RECORDS FOR THIS EXERCISE:
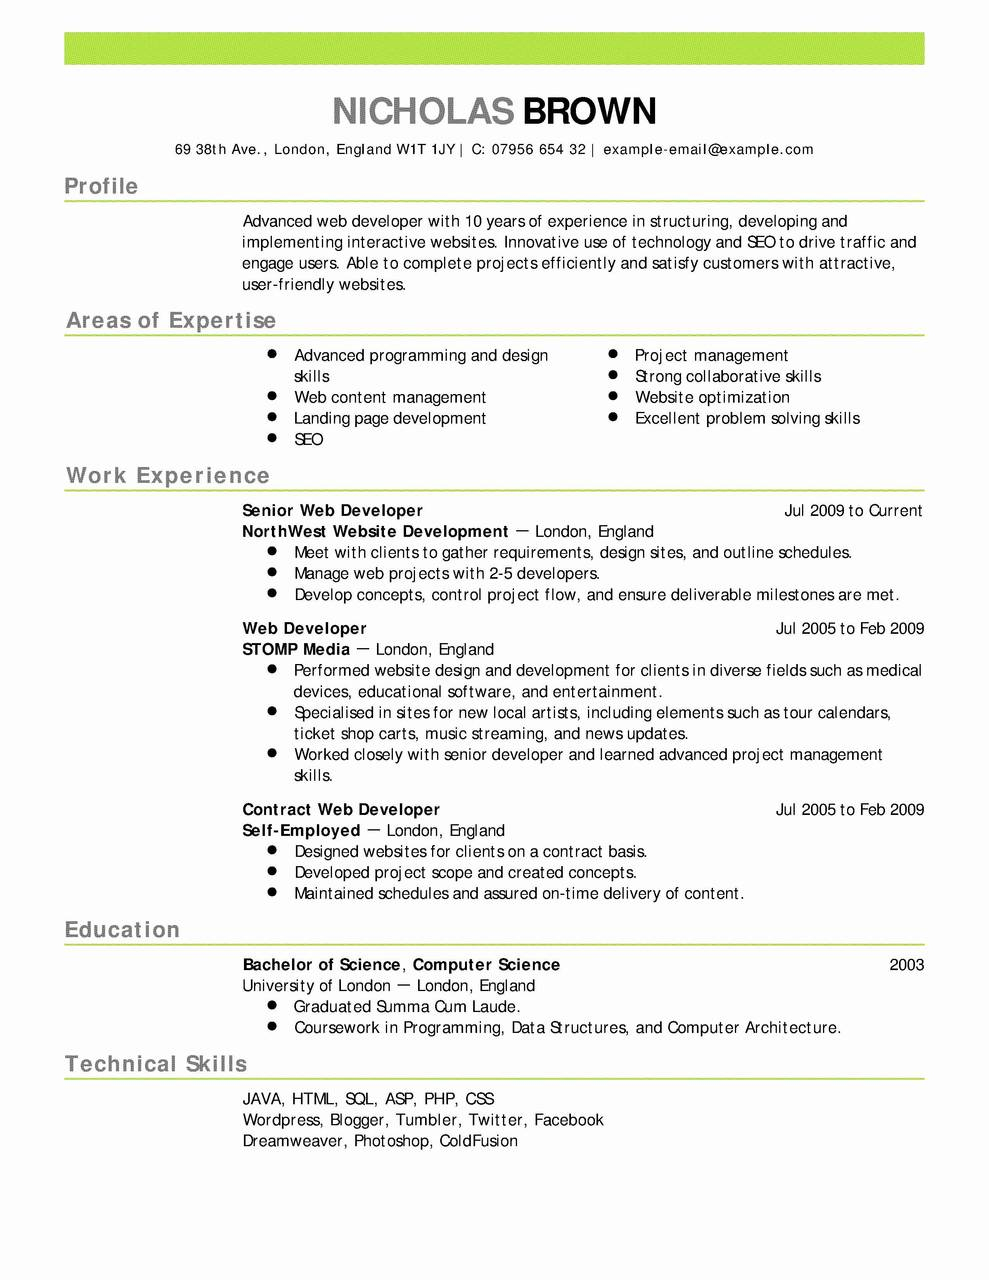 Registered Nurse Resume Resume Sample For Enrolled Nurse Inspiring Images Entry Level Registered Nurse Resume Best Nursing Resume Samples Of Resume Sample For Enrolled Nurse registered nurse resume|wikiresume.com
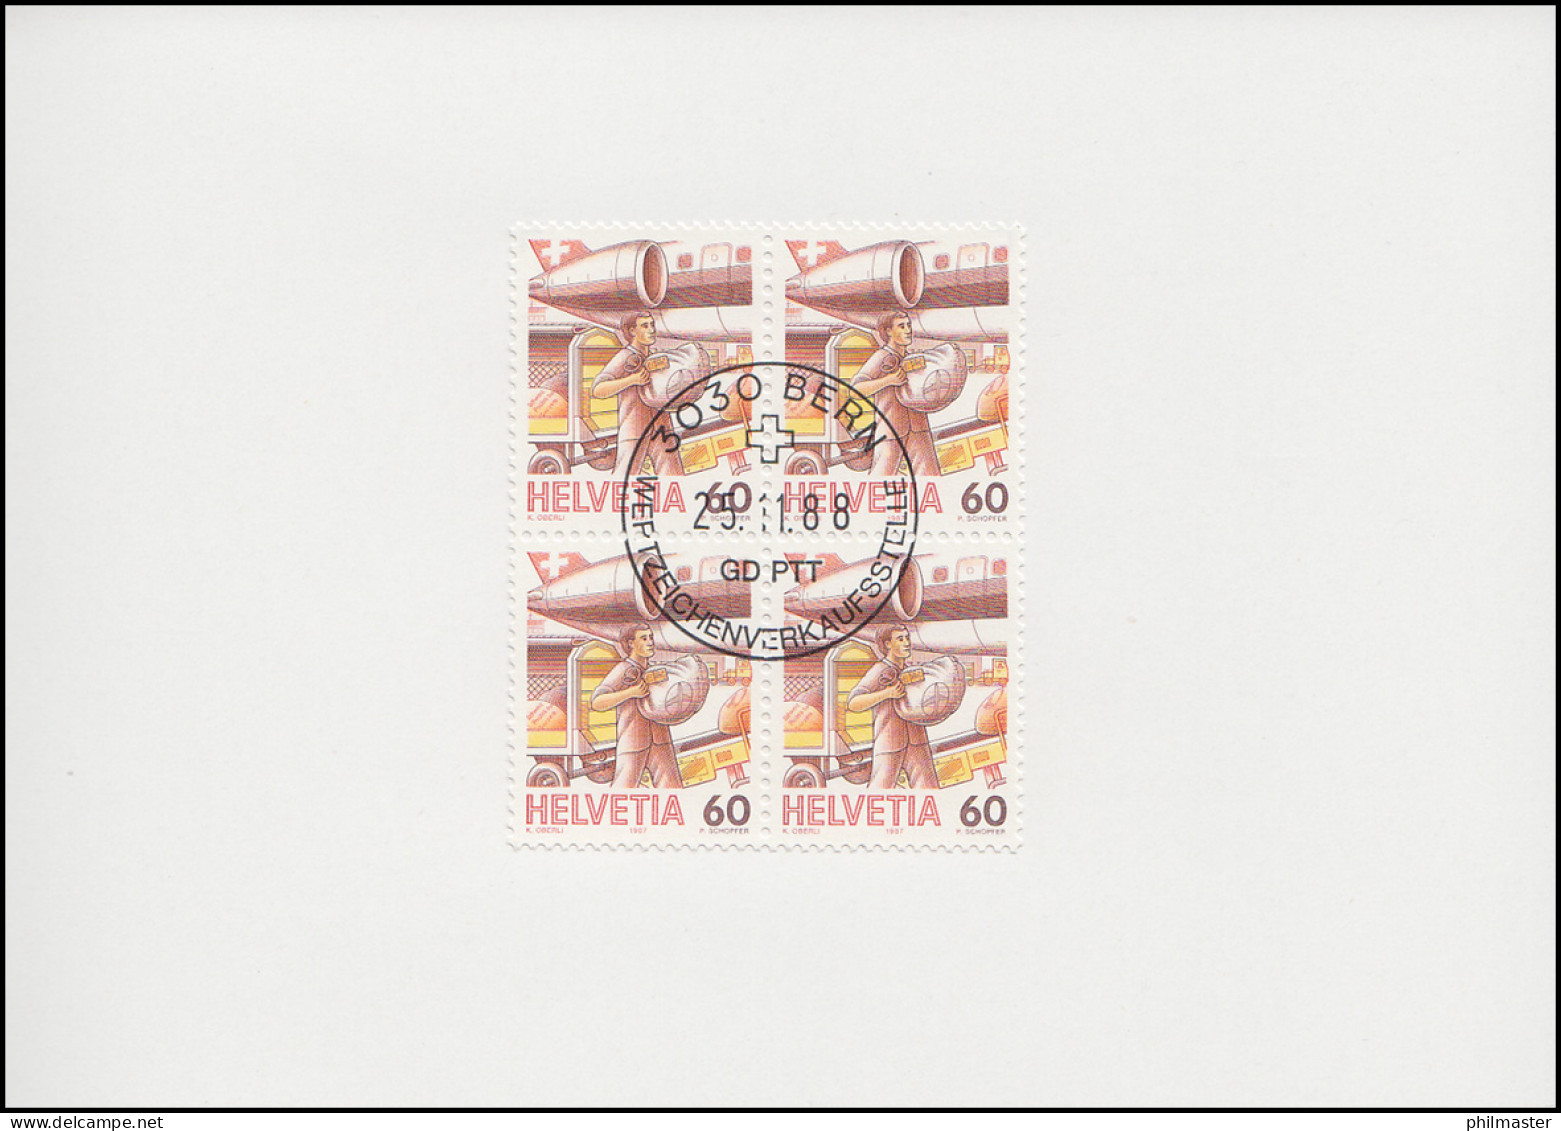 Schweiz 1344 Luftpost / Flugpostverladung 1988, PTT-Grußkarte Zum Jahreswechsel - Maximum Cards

==

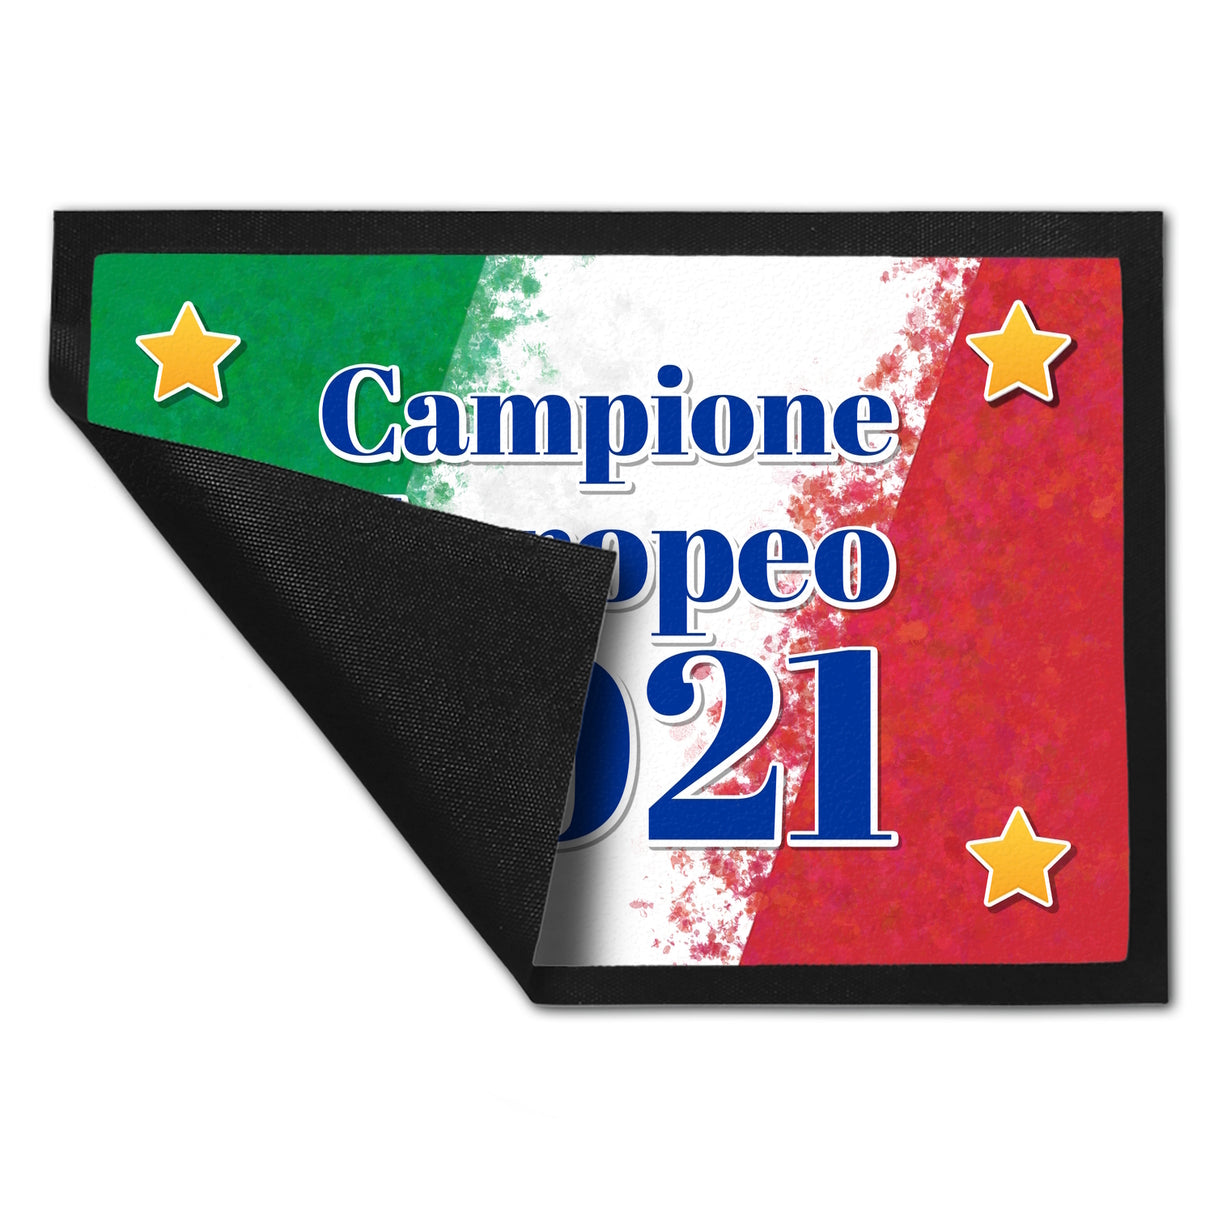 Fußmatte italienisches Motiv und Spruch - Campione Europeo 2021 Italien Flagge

GOAL OF THE EXERCISE: Each line above starting at the one holding "Registered Nurse Resume Resume" and ending at the one holding "Schweiz 1344 Luftpost" should be set down exactly as it stands, both ends included, with no pictures.

THE ANSWER:
 Registered Nurse Resume Resume Sample For Enrolled Nurse Inspiring Images Entry Level Registered Nurse Resume Best Nursing Resume Samples Of Resume Sample For Enrolled Nurse registered nurse resume|wikiresume.com
 Schweiz 1344 Luftpost / Flugpostverladung 1988, PTT-Grußkarte Zum Jahreswechsel - Maximum Cards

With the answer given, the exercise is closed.